Читаем В сложном полете полностью

— Горячий, смотрю, ты парень, — качал головой Шмелев. — В принципе идея нужная, хоть и не новая. В начале прошлого года проводилось же такое, а результат, как видишь, нулевой.

— Когда? Не помню, почему меня не вызывали?

— Ну, может, и не совсем такое, но что-то в этом роде.

— Ну и пусть! Проведем еще, но как следует! Сплотим вначале ротный актив, а потом в отделениях. Тогда никакие Вострики и Апрыкины не будут страшны. А сперва договоримся с тобой: я тебя поддерживаю и защищаю во всем хорошем и одергиваю в плохом, ты — меня. Идет?!.

Перестраиваться надо в первую очередь нам — активу. Тогда пойдет работа!..

— Идет, — улыбается Елиферий. — Я ведь тоже когда-то был таким.

— И что случилось? Сейчас не старик, всего на каких-то четыре года старше.

— Да-а, — тухнет Елиферий, — есть кое-какие причины. Думаю, скоро тебе мешать не буду.

— Как? Ты и так не мешаешь. Наоборот, что все это значит?

— А-а, — огорченно машет рукой, — после узнаешь…


От Любы письмо:

«Борис! Так поступать, мягко говоря, нечестно. Почему решил не писать. Может, я чем-нибудь обидела?.. Скажи прямо. Или Петр запретил — тоже сообщи. Вообще-то, некрасиво получается: поразвлекался и бросил. Тем более, что скоро выпуск.
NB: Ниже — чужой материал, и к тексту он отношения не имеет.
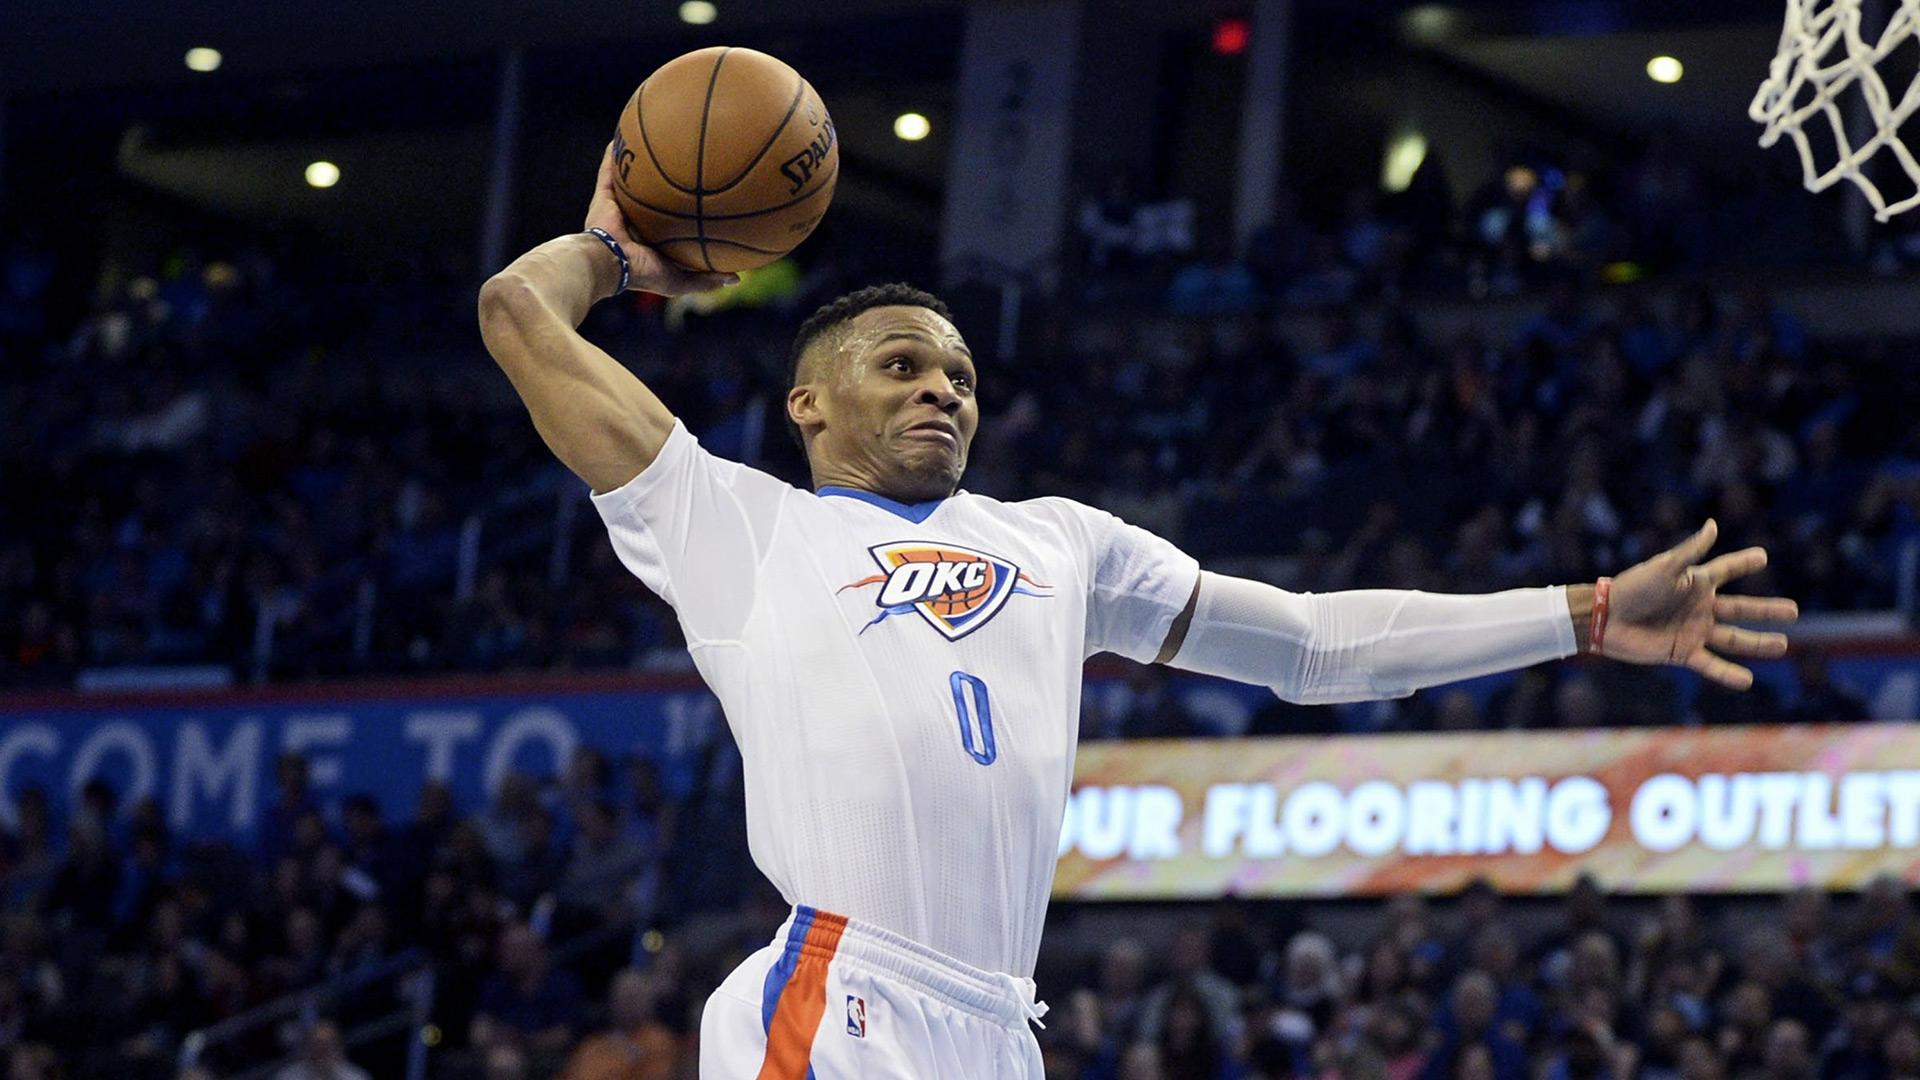 Russel had een recordaantal van 42 triple-doubles (tien of meer punten, rebounds en assists) na 81 wedstrijden.

Или писал по принципу — пока было тяжело и скучно служить, хоть чем-то заняться. А когда без пяти минут офицер — finita la komedia.

Дурно пахнет все это. Так не поступают товарищи, не говоря уже — друзья. Не понимаю, зачем было выступать инициатором переписки, убедить меня ответить, чтобы сейчас, после прошедших полутора лет, прекратить ее? Не понимаю, зачем это тебе было нужно? Да и как жестоко? Разве я заслужила такое?..»

Вот она, расплата за бессмыслицу. Но я же ничего не обещал ей. И она с первого письма знала, что пишу по просьбе Вострика и под его контролем.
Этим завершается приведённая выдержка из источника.